They need to sell the sure-fire ones first then they can do the more obscure ships...maybe.


----------



## Xenodyssey (Aug 27, 2008)

The trouble is with all the manufacturers producing the same kit subjects, even in different scales is that there would be a glut of them on the market, which MIGHT affect sales and stop any contemplation of doing more obscure subjects.

BTW Does anyone know if the Disney rights fiasco going to affect sale of the Dragon kits in different regions around the world like the Bandai "only in Japan" farce?


----------



## Steve H (Feb 8, 2009)

Xenodyssey said:


> The trouble is with all the manufacturers producing the same kit subjects, even in different scales is that there would be a glut of them on the market, which MIGHT affect sales and stop any contemplation of doing more obscure subjects.
> 
> BTW Does anyone know if the Disney rights fiasco going to affect sale of the Dragon kits in different regions around the world like the Bandai "only in Japan" farce?


That's the big money question. I don't hear anyone saying a thing at this point, so, we have to wait until product is actually shipping to be disappointed. 

Is it wrong I want to take that 1/35 AT-ST, slather it in zimmerite, slap some Tiger III decals on it?

(joke punchline would be shouting "I'm turning Japanese!" . Any armor builder knows what I mean.  )


----------



## Zombie_61 (Apr 21, 2004)

Xenodyssey said:


> The trouble is with all the manufacturers producing the same kit subjects, even in different scales is that there would be a glut of them on the market, which MIGHT affect sales and stop any contemplation of doing more obscure subjects.
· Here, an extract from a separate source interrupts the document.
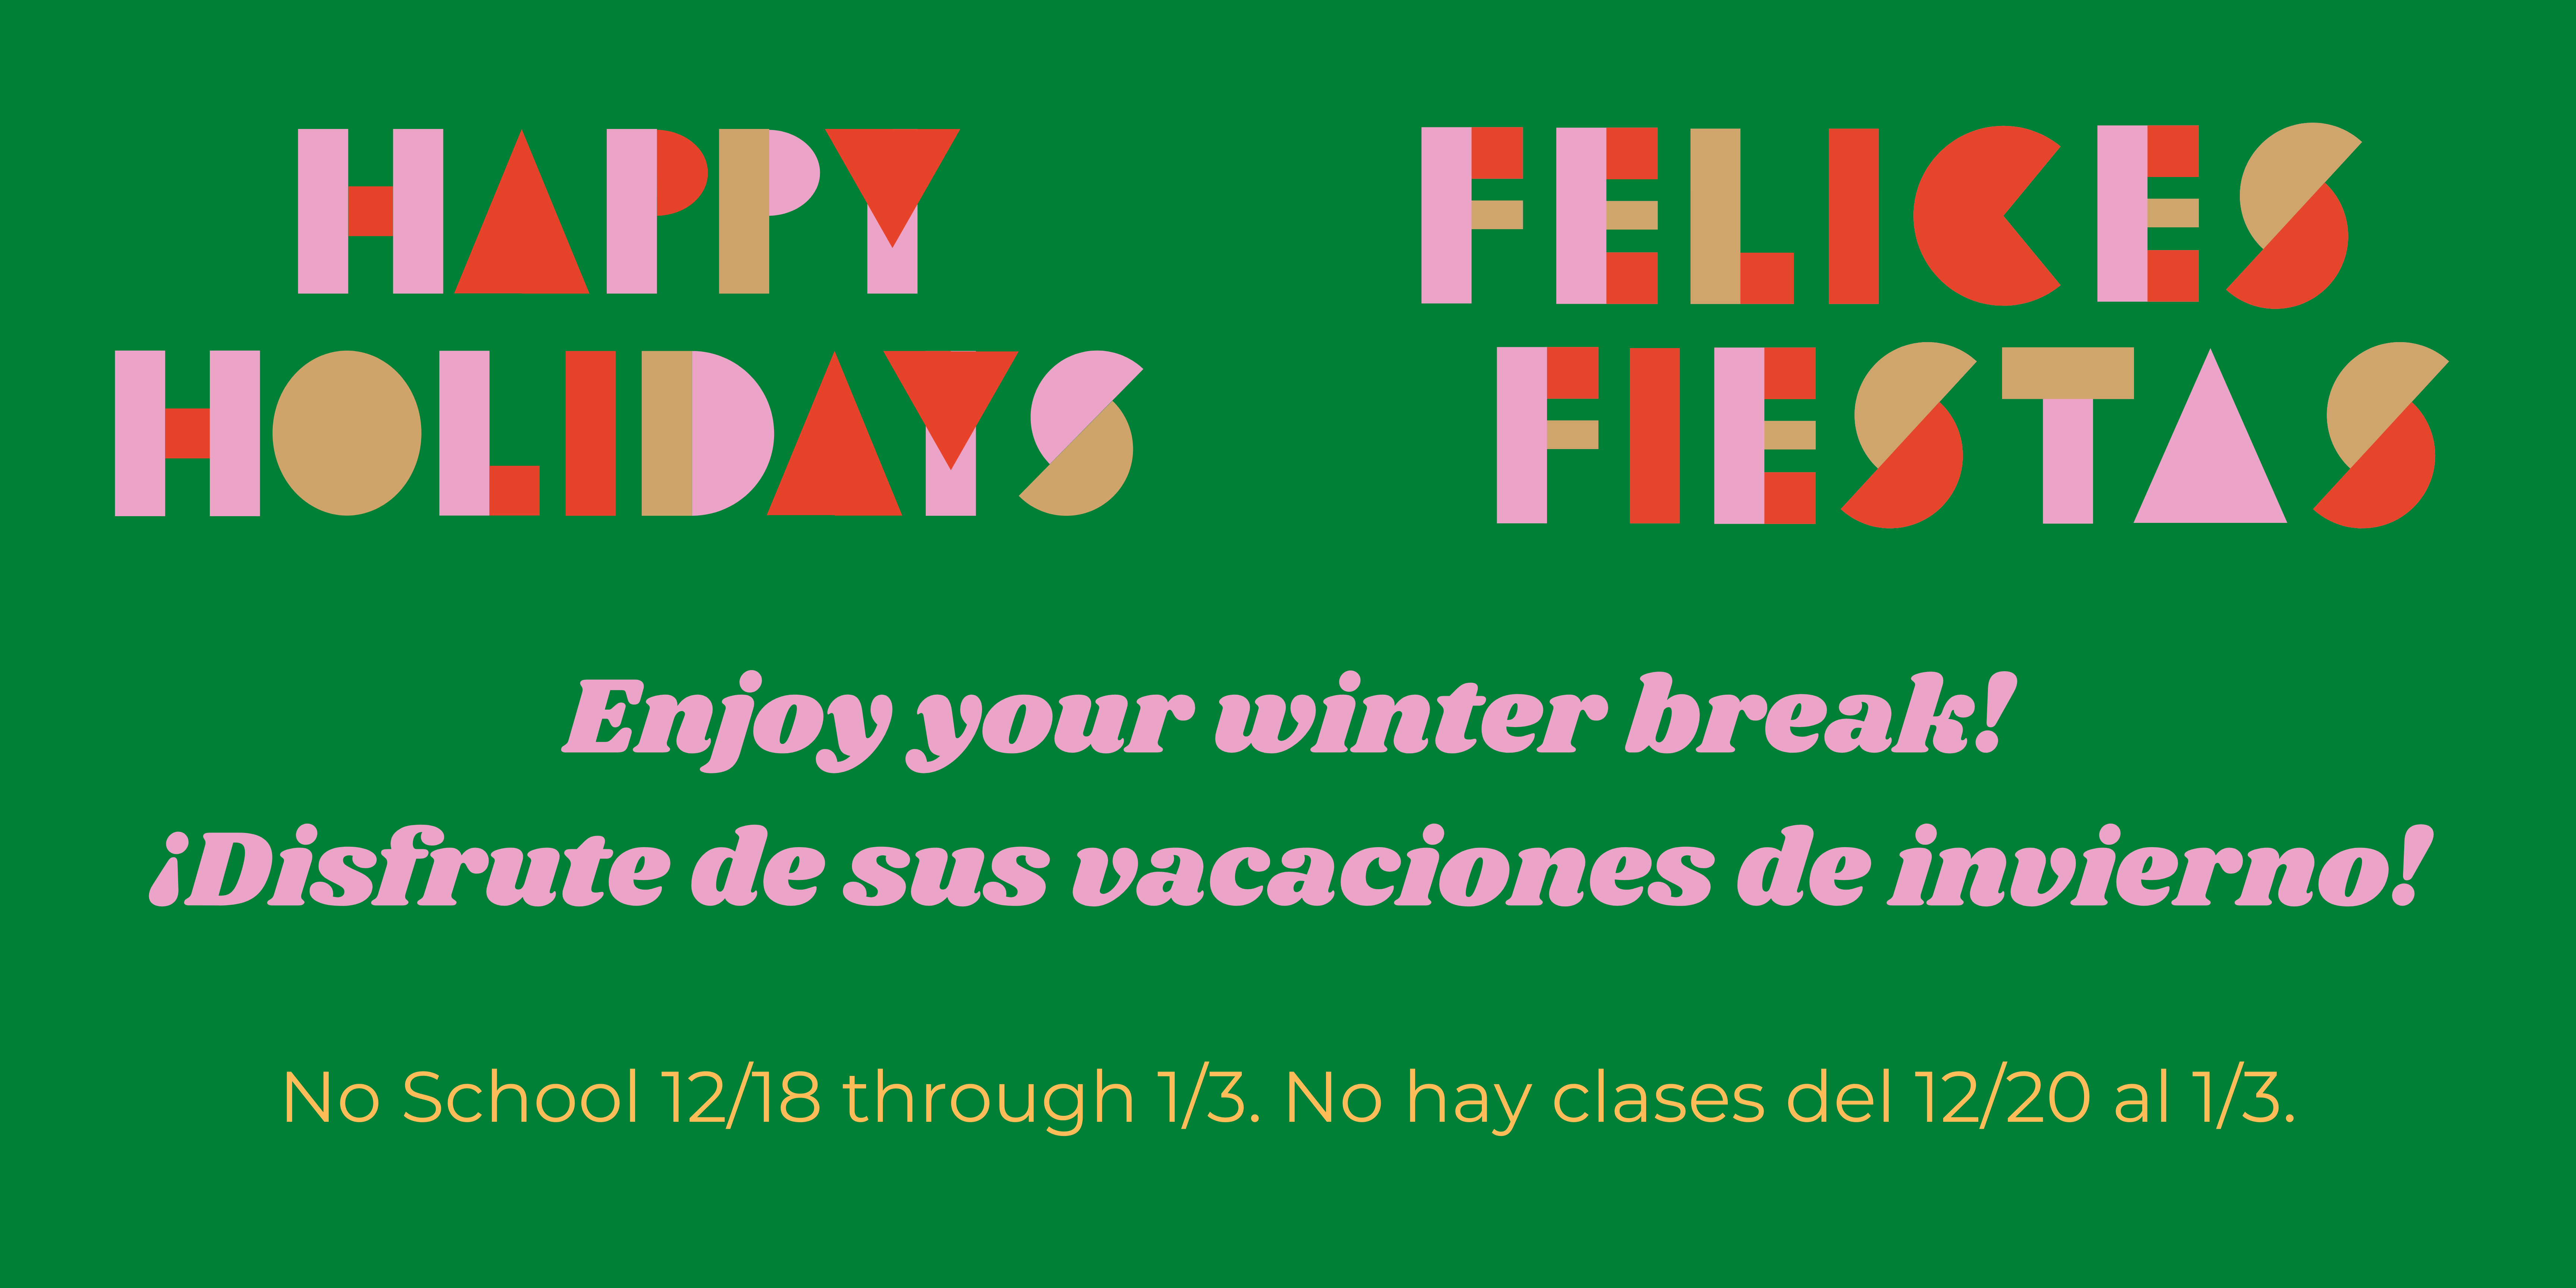 Banner with green background and pink, red, and brown Happy Holidays / Felices Fiestas

And that would probably be their defense. "Yes, they've been done before, but not in 1/35 scale." 



Xenodyssey said:


> BTW Does anyone know if the Disney rights fiasco going to affect sale of the Dragon kits in different regions around the world like the Bandai "only in Japan" farce?


They've already established the precedent with Bandai's Star Wars kits, so I think it would be more surprising if they _didn't_. Not that it matters much; I've had no problems getting the Bandai kits I wanted at reasonable prices despite the sales restrictions.


----------



## Xenodyssey (Aug 27, 2008)

Zombie_61 said:


> And that would probably be their defense. "Yes, they've been done before, but not in 1/35 scale."
> 
> They've already established the precedent with Bandai's Star Wars kits, so I think it would be more surprising if they _didn't_. Not that it matters much; I've had no problems getting the Bandai kits I wanted at reasonable prices despite the sales restrictions.


Yes, so have I. The Bandai kits are buyable for those willing to hunt them down.

But they would sell more if the restrictions weren't there. As would Dragon.


----------



## Richard Baker (Aug 8, 2006)

I think it is just a given that overseas companies are restricted in their licensed sales now- it has always been this way but it is being enforced for once.
Bandai makes excellent kits and it is not that hard to find them at decent prices- their Star Trek line was also very good and IMO worth seeking out (it was much harder to find them back when they were new).

The big thing about all these subject duplications is whether the new kits bring something new to the table. FineMolds ruled until Bandai produced more accurate kits. 
Now Dragon has entered the fray. Their kits look good, the accuracy is still a bit of a concern though some of it was the result of poor assembly/posing/photography. How close they are to the filming models probably won't be known until they are actually in the hands of people to see first hand. To me the only really unique thing Dragon has brought to the table is their choice of scale. Some subjects like the Snowspeeder are pretty small even in 1/48. I hope they do well with their Star Wars line so that they will expand it to include some subjects which have not been released before.


----------



## ClubTepes (Jul 31, 2002)

KUROK said:


> They need to sell the sure-fire ones first then they can do the more obscure ships...maybe.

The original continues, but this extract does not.